What's the deal? Every box of curved track I've ever seen is either a half or full circle. Divide by 2 or 4 as appropriate for 90 degree corners.

So I guess you can't count on properly divided curves. Is this a normal thing? Gonna have to drag out the Train-Li bender to these shows.


----------



## Torby (Jan 2, 2008)

Yup! 

Aristo started making their big curves in 18 piece sections for shipping reasons. The shorter box was MUCH less expensive to ship. They're now 16 sections to a circle so you can make 90 degree curves. 

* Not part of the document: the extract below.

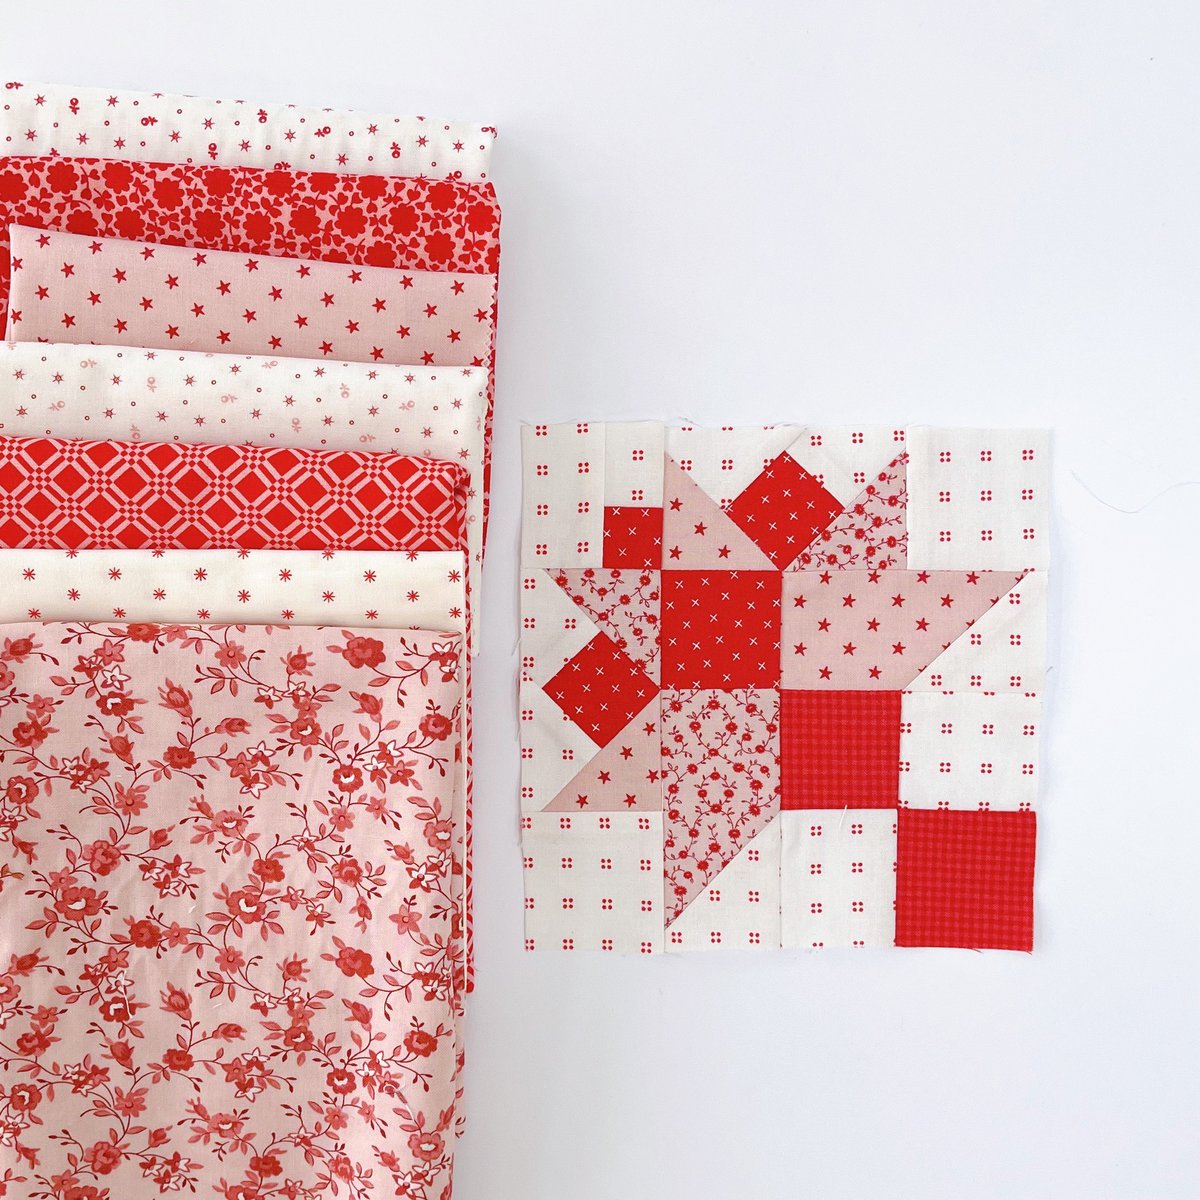 Susan Ache's Tussy Mussy Blocks for the first release of Sewcialites 2

Cut 4 sections in half and use a rail clamp on the cut edges. If they're stainless, a fine tooth hacksaw blade will do nicely. If brass, even a zona saw will do.


----------



## Nicholas Savatgy (Dec 17, 2008)

Posted By Torby on 04/05/2009 7:22 AM
Yup! 

Aristo started making their big curves in 18 piece sections for shipping reasons. The shorter box was MUCH less expensive to ship. They're now 16 sections to a circle so you can make 90 degree curves. 

Cut 4 sections in half and use a rail clamp on the cut edges. If they're stainless, a fine tooth hacksaw blade will do nicely. If brass, even a zona saw will do.

*I JUST CUT TWO SECTIONS IN HALF THAT SEEMS TO WORK FINE, IT GIVES YOU 4 PIECES...







*


----------



## Torby (Jan 2, 2008)

Uh. Yes!


Never trust a dyslexic brat to do your counting


----------